Introduction

I once asked a room full of compliance officers if their company had ever made an internal whistleblower “employee of the month” or given them a raise. The room burst out laughing.

—Patrick Burns, Director of Communications of Taxpayers Against Fraud Education Fund

BOTH THE FEDERAL GOVERNMENT and many states have statutes reflecting a public policy that rewards and protects whistleblowers.1 None of these statutes requires employee whistleblowers to abide by internal corporate compliance policies as a condition for receiving the reward, including the Dodd-Frank Wall Street Reform and Consumer Protection Act (Dodd-Frank), which became effective in July 2010. Despite these new public incentives for employee whistleblowing, few companies have reexamined the effectiveness of their current compliance policies.
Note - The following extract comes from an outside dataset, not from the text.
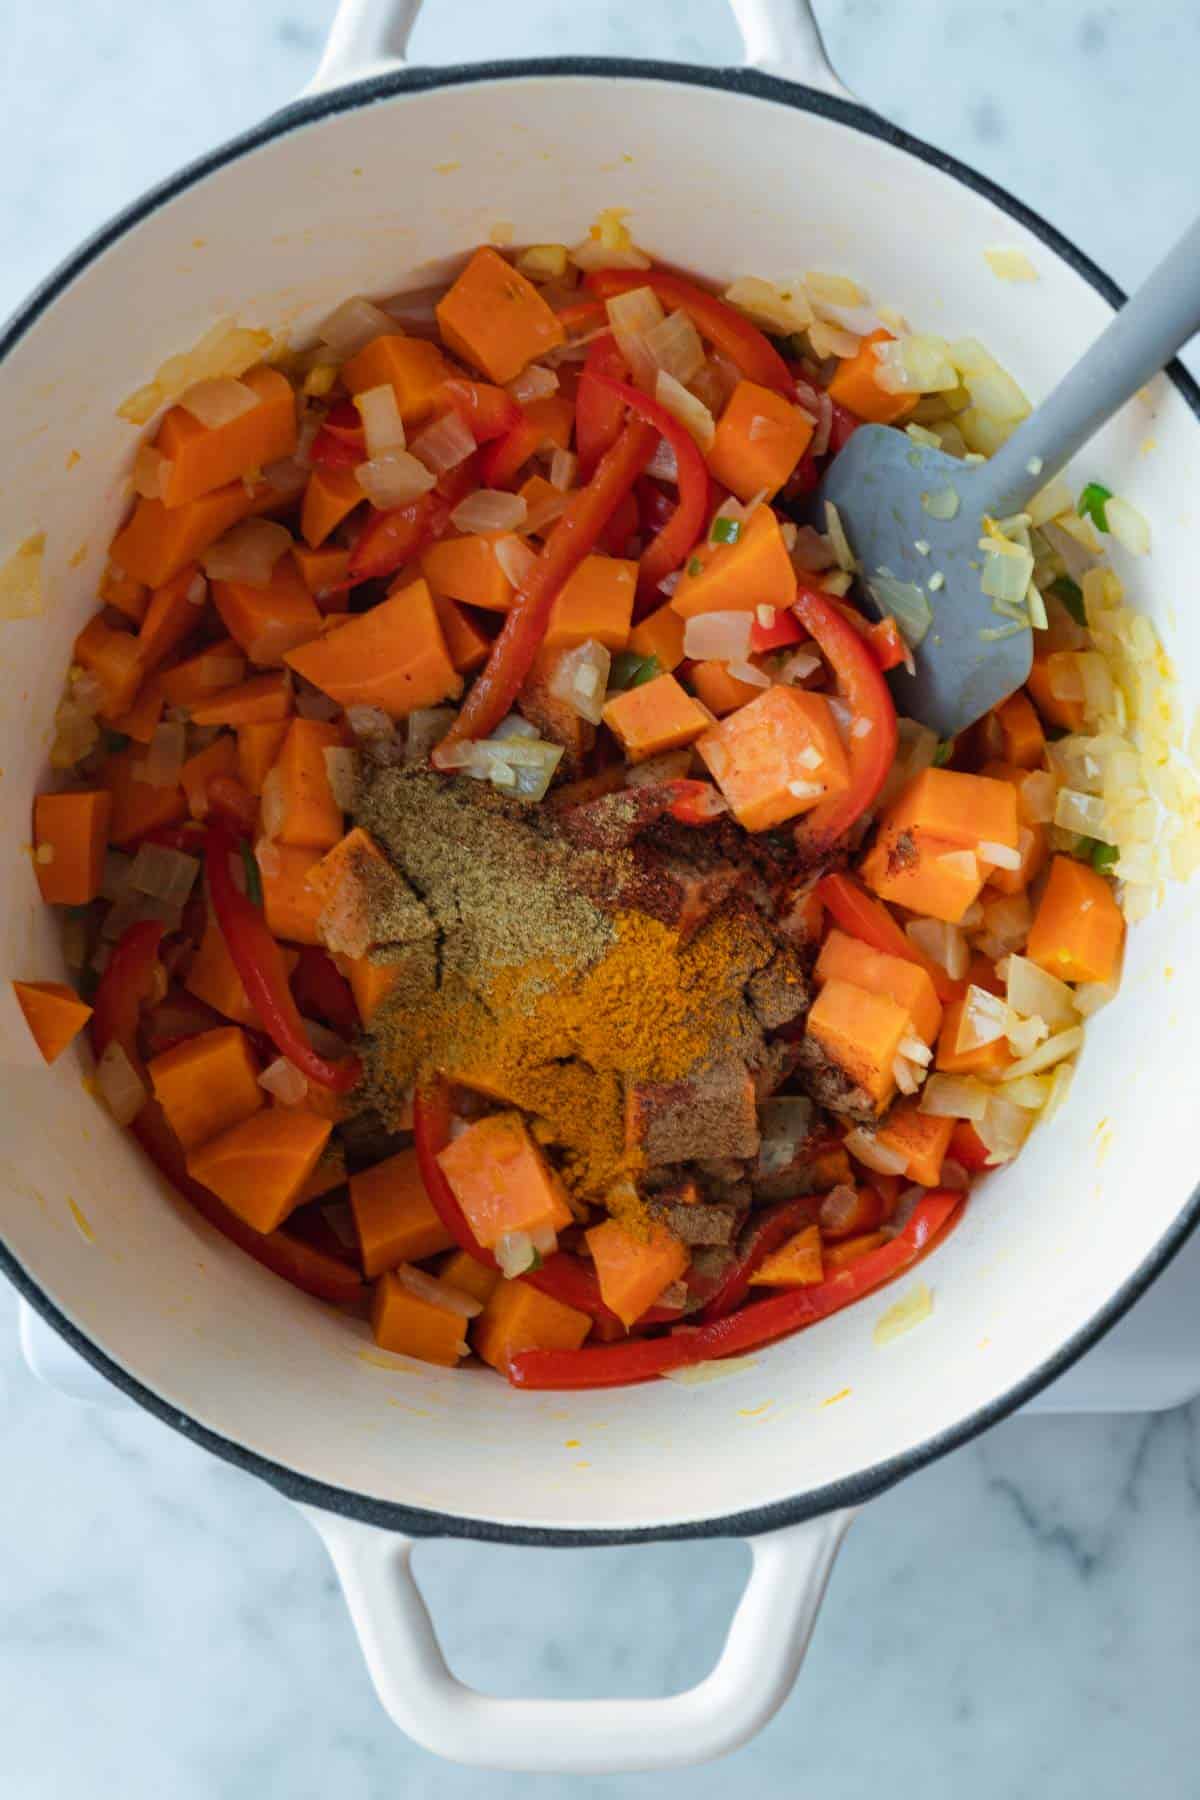 Chopped sweet potatoes, onion, red bell pepper, garlic, ginger, green chili pepper, and spices cooking in a white saucepan with a gray spatula.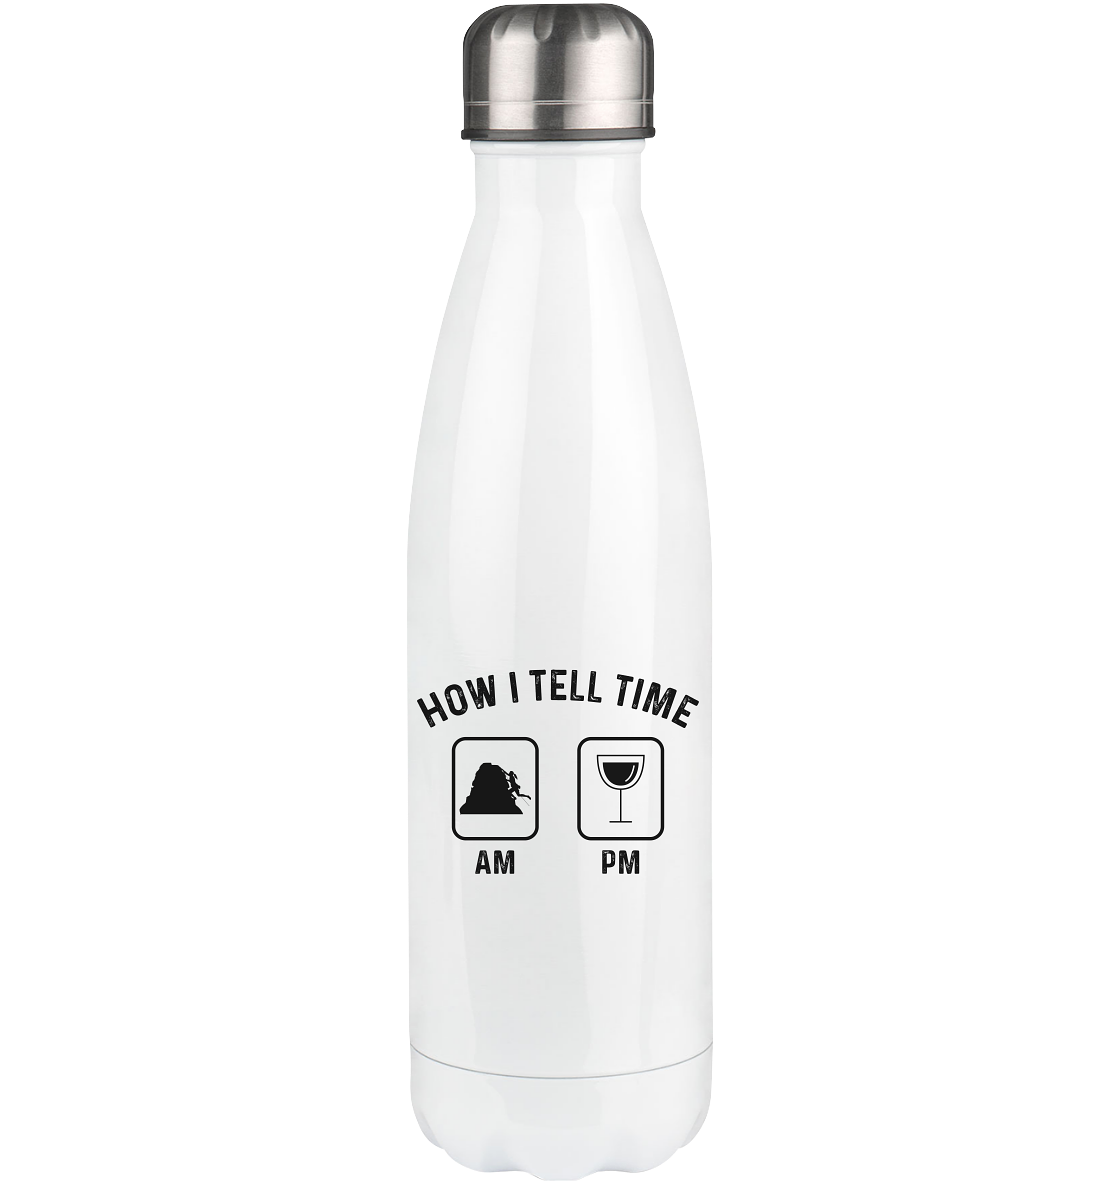 How I Tell Time Am Pm 1 - Edelstahl Thermosflasche klettern 500ml

Although the Sarbanes-Oxley Act of 2002 mandated that listed public companies establish an anonymous whistleblower policy, some companies have established good whistleblower policies while many others have created only ineffective paper policies. These public companies have done just the minimum amount required to comply with the law, partly because although some complaints by whistleblowers are legitimate, many are spurious. Many public company whistleblower policies are largely unpublicized, do not provide adequate protection for internal whistleblowers, and afford no meaningful reward or recognition for them. Even the supposedly “good” whistleblower policies provide ...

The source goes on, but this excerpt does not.